The Ballerina Ballroom Cinema Of Dreams is a Scottish film festival founded by actress Tilda Swinton. The inaugural event took place in a ballroom in Nairn in the Scottish Highlands between August 15 and 23 2008.

== The Origins ==
A while ago, on an impulse, a quixotic seizure, Tilda Swinton rented a ballroom in an old Victorian stone building in Nairn in the North East of Scotland, a seaside town where Charlie Chaplin used to holiday and which has a balmy microclimate and vistas across the Moray Firth to the Black Isle, Cromarty and Sutherland.

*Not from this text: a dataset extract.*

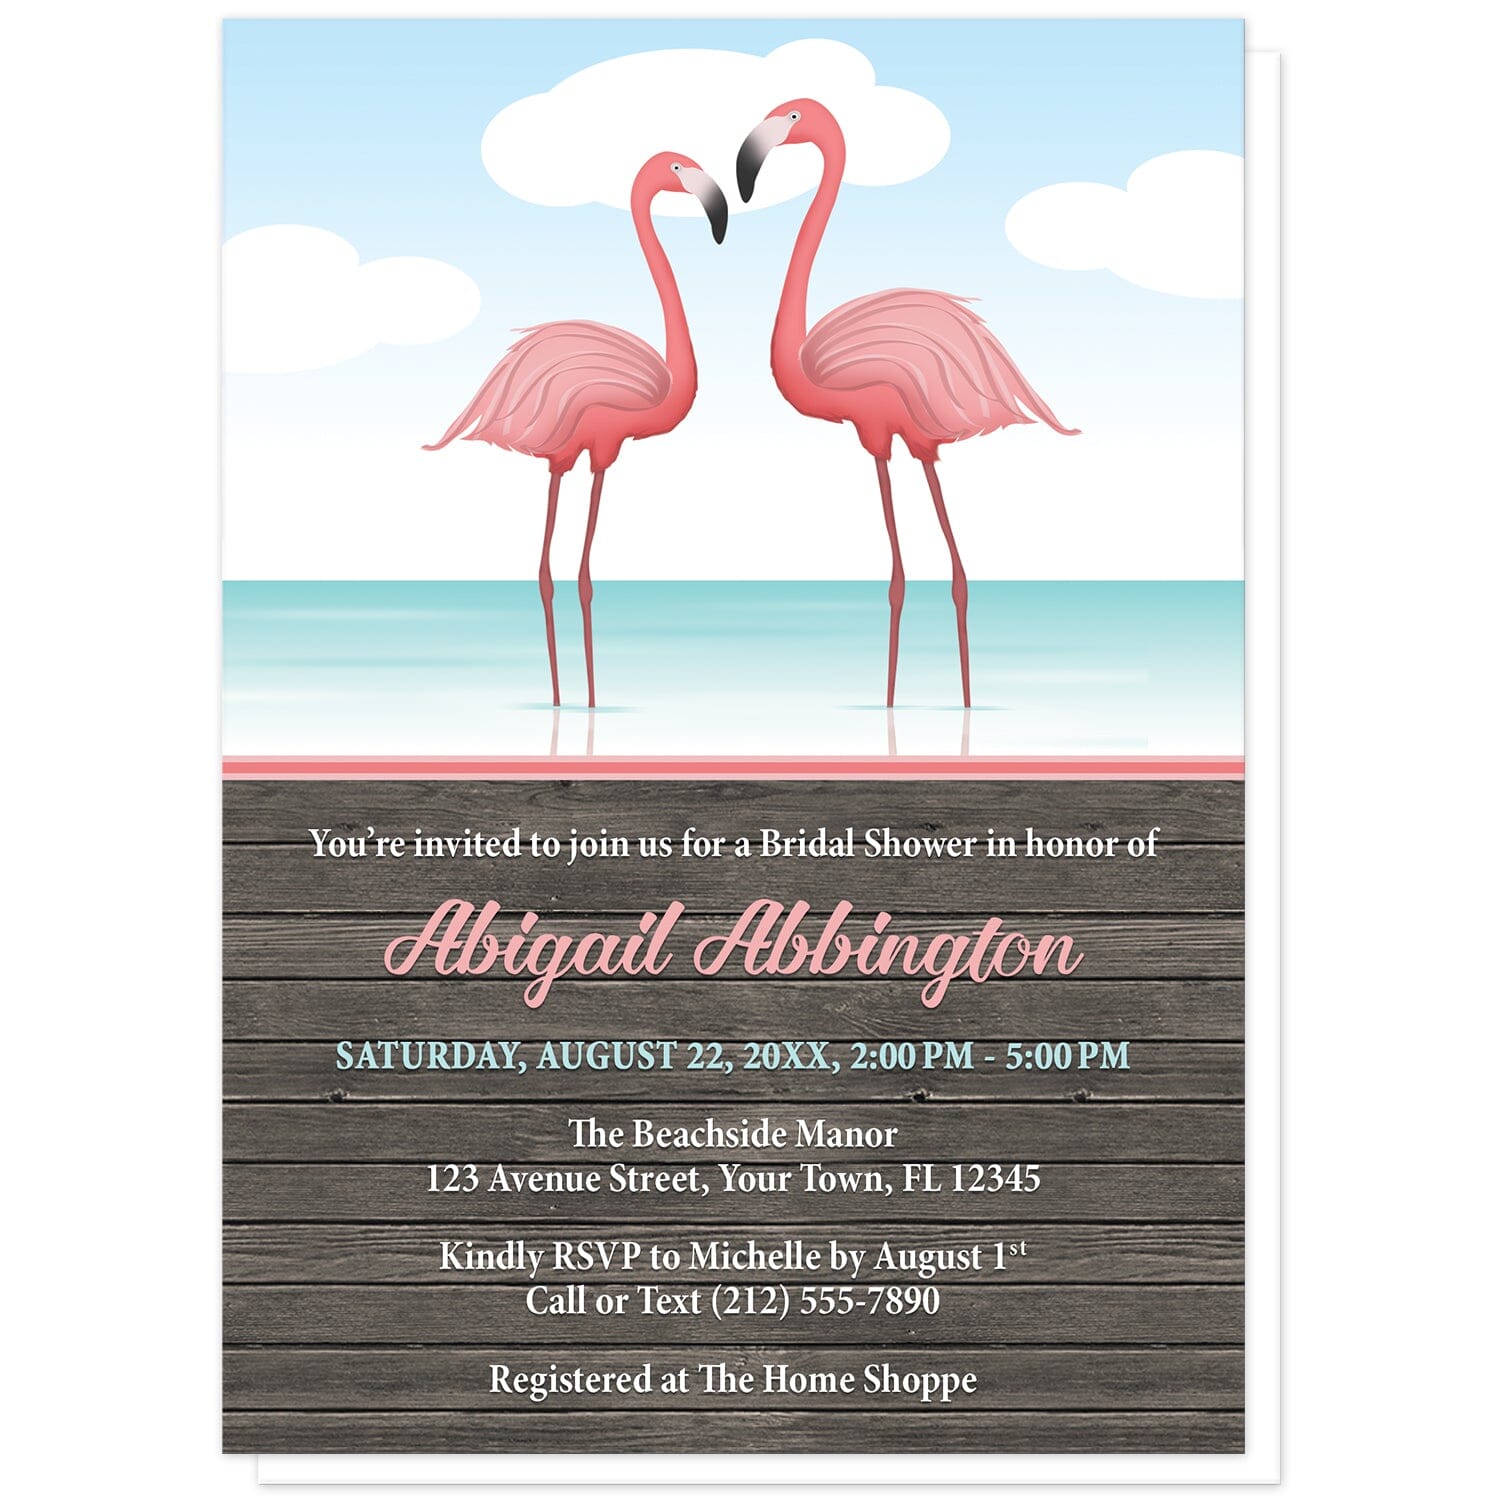 Flamingos in the Water Rustic Bridal Shower Invitations at Artistically Invited. Flamingos in the water rustic bridal shower invitations with a tropical illustration of two pink flamingos standing in the water. Your personalized bridal shower celebration details are custom printed in pink, teal, and white over a brown rustic wood background design below the flamingos.

The ballroom is called the Ballerina. In the 60s and 70s Pink Floyd, The Who and Cream (band) played there. The ballroom in nearby Elgin was called The Red Shoes.

After renting the Ballerina, Swinton took Mark Cousins to see the place – they were making a wee film about being 8½ and falling in love with cinema – and he loved it and so, together, they dreamt up a festival of beanbags on the floor, that would run 8½ days, that would be a 6 out of 10 on the grunge scale, that would serve home-made cakes and fish finger sandwiches, whose tickets would be £3/£2, or free if you took a tray of home-baking, and that would transform the Ballerina into something like a ghost train.